- Durante o lançamento da pré-candidatura de Eduardo Girão ao governo do Ceará, Michelle Bolsonaro criticou a aproximação da direita com Ciro Gomes e disse que não fará alianças com ele, mantendo seus valores cristãos.
- O deputado André Fernandes (PL-CE) tem se aproximado de Ciro Gomes e participou do ato de filiação ao PSDB de Ciro, segundo a matéria.
- Fernandes rebateu as críticas, afirmando que a própria esposa do ex-presidente pediu para ligar para Ciro Gomes no viva-voz e que o apoio seria ao Ciro.
- O advogado Sebastião Coelho opinou que Ciro pode ser candidato, mas não representa a direita.
- O governador do Ceará, Elmano de Freitas (PT), pode disputar a reeleição; Michelle tem feito viagens pelo país para articulações políticas e é cotada para concorrer ao Planalto em 2026 ou como vice na chapa de Tarcísio de Freitas.
Durante o lançamento da pré-candidatura do senador Eduardo Girão ao governo do Ceará, Michelle Bolsonaro solicitou silêncio ao público e deixou claro que não vai firmar alianças com Ciro Gomes. A ex-primeira-dama destacou a necessidade de manter valores cristãos firmes na política.
O deputado federal André Fernandes rebateu a fala de Michelle, lembrando uma aproximação envolvendo o presidente e Ciro Gomes.
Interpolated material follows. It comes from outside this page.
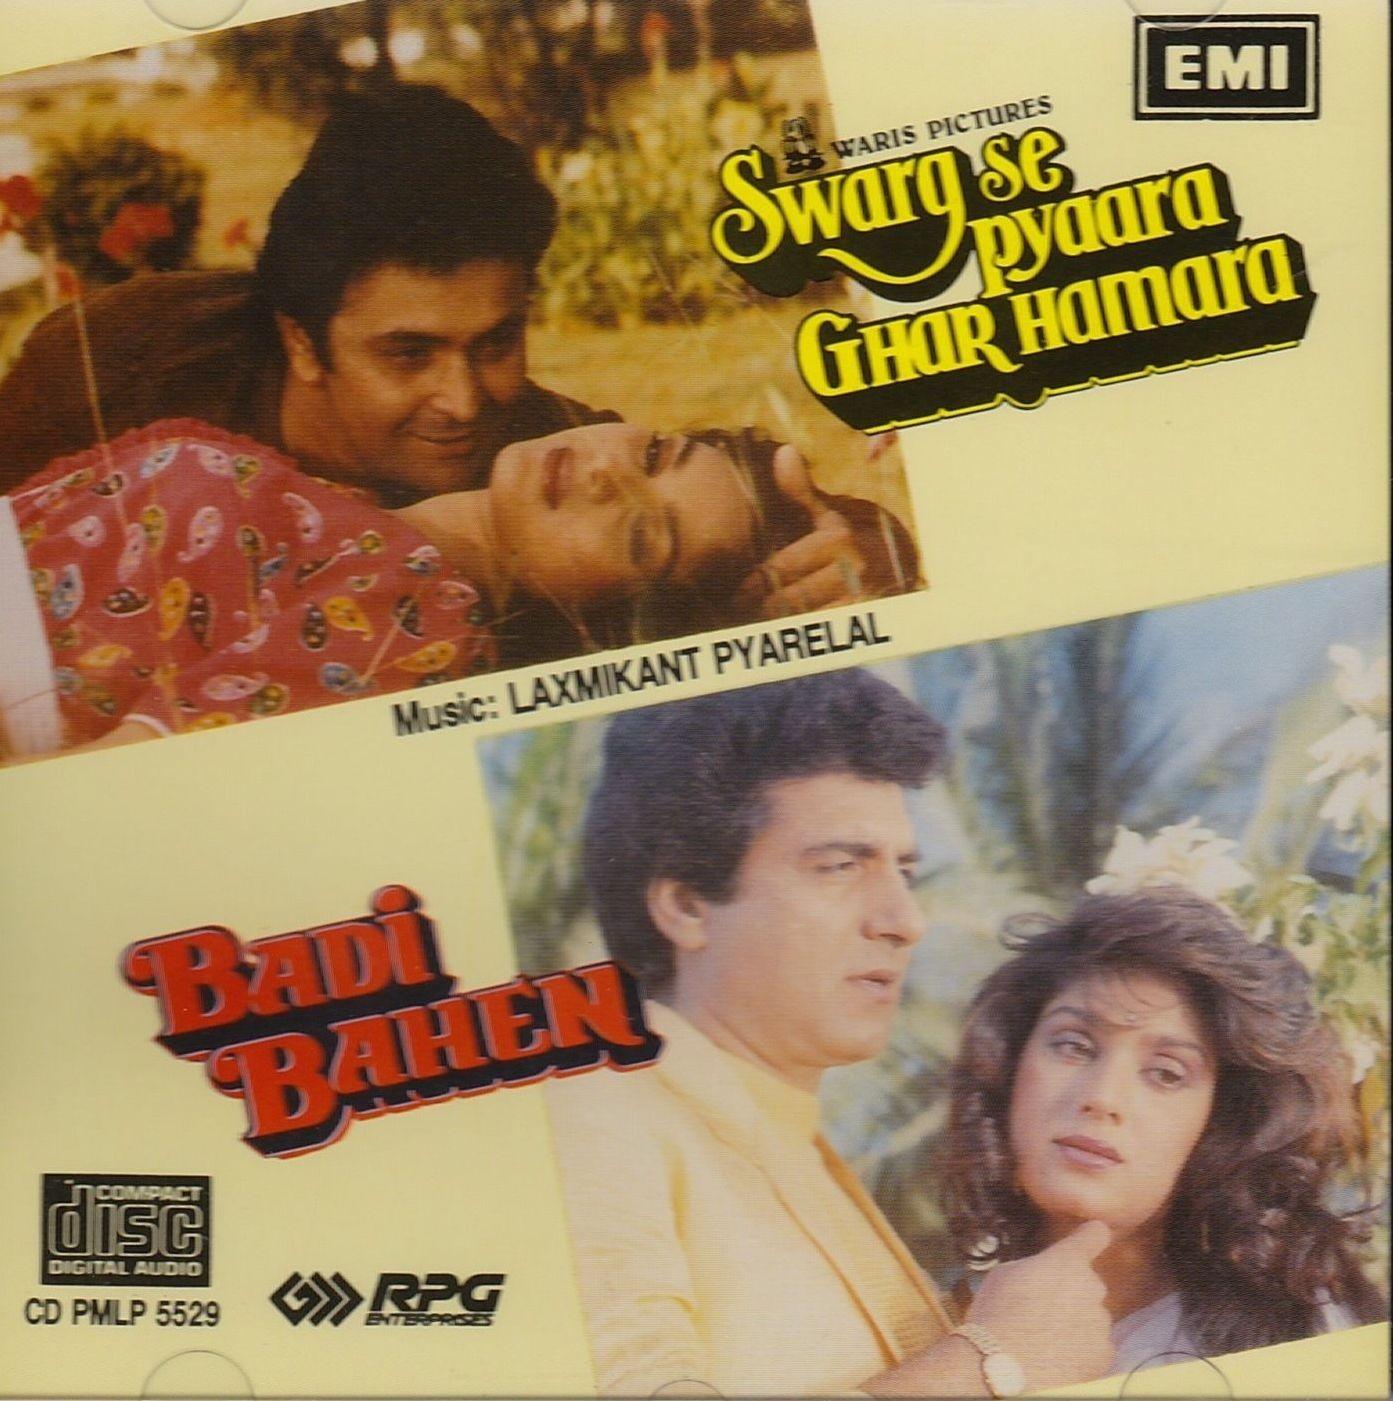 essay on bharat desh hamara sabse pyaara Madhubala (14 february 1933 – 20 february 1969) (born mumtaz jehan dehlavi ) was a indian film actress who appeared in classic films of hindi cinema she was active between 1942 and 1962.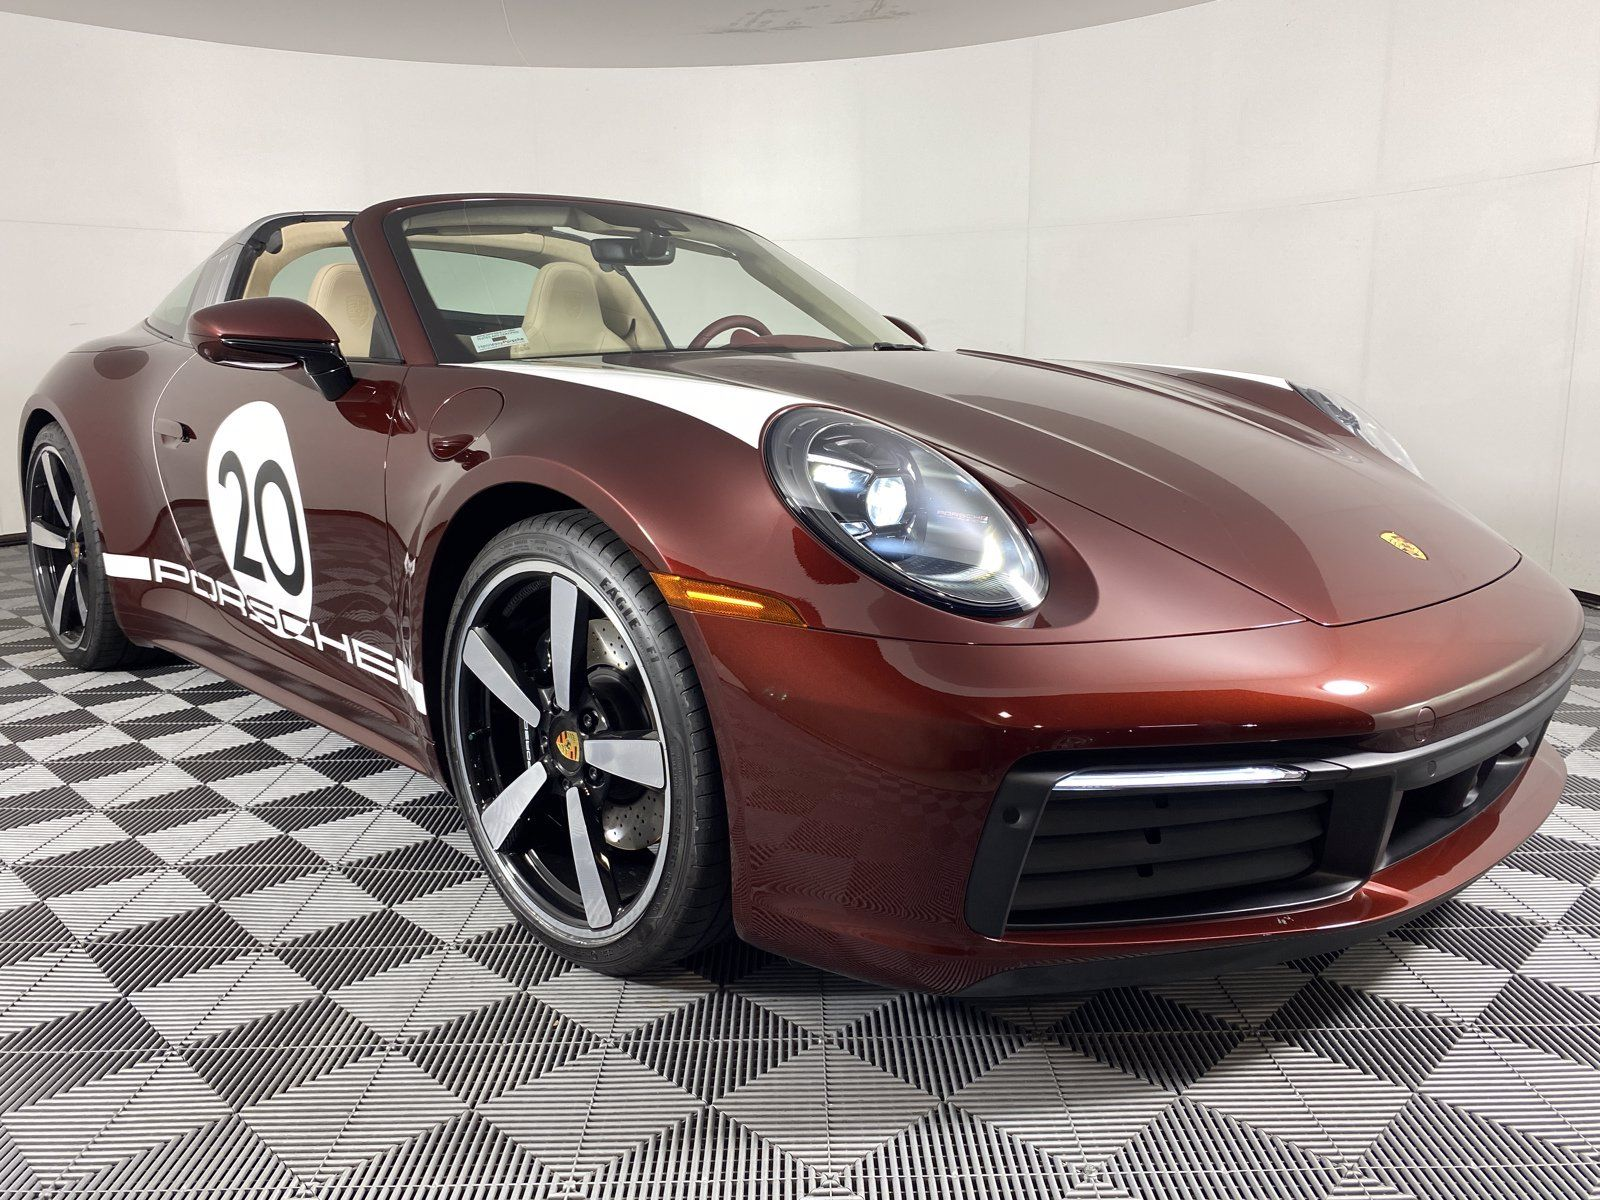 2021 Porsche 911 Targa 4S Heritage Design Edition – 4

Fernandes citou uma chamada já combinada para apoio ao ex-ministro, mantendo posição de fidelidade a decisões anteriores do núcleo do atual governo.
Sebastião Coelho, advogado, acompanhou o tom crítico, afirmando que Ciro pode ser candidato, mas não representa a direita de forma única. O evento também contou com a participação de apoiadores de Girão e de outros membros do centrão cearense.
Contexto político no Ceará
Antes do ato, Michelle já criticava aproximações entre a direita e Ciro Gomes, com foco na filiação de André Fernandes ao PSDB. Fernandes participou do ato de filiação, enquanto Michelle reforçava a defesa de valores conservadores.
Elmano de Freitas, atual governador pelo PT, pode disputar a reeleição; Roberto Cláudio também deixou o PDT, entrando no radar de alianças locais. Michelle tem percorrido o país articulando pré-candidaturas ao Senado e aos governos estaduais.
Cenário nacional e desdobramentos
A–ex-primeira-dama tem sido citada como cotada para substituir Jair Bolsonaro na disputa presidencial de 2026 ou para compor como vice na chapa com Tarcísio de Freitas. O governador de São Paulo busca reeleição e conta com o apoio do PSD para uma eventual chapa presidencial.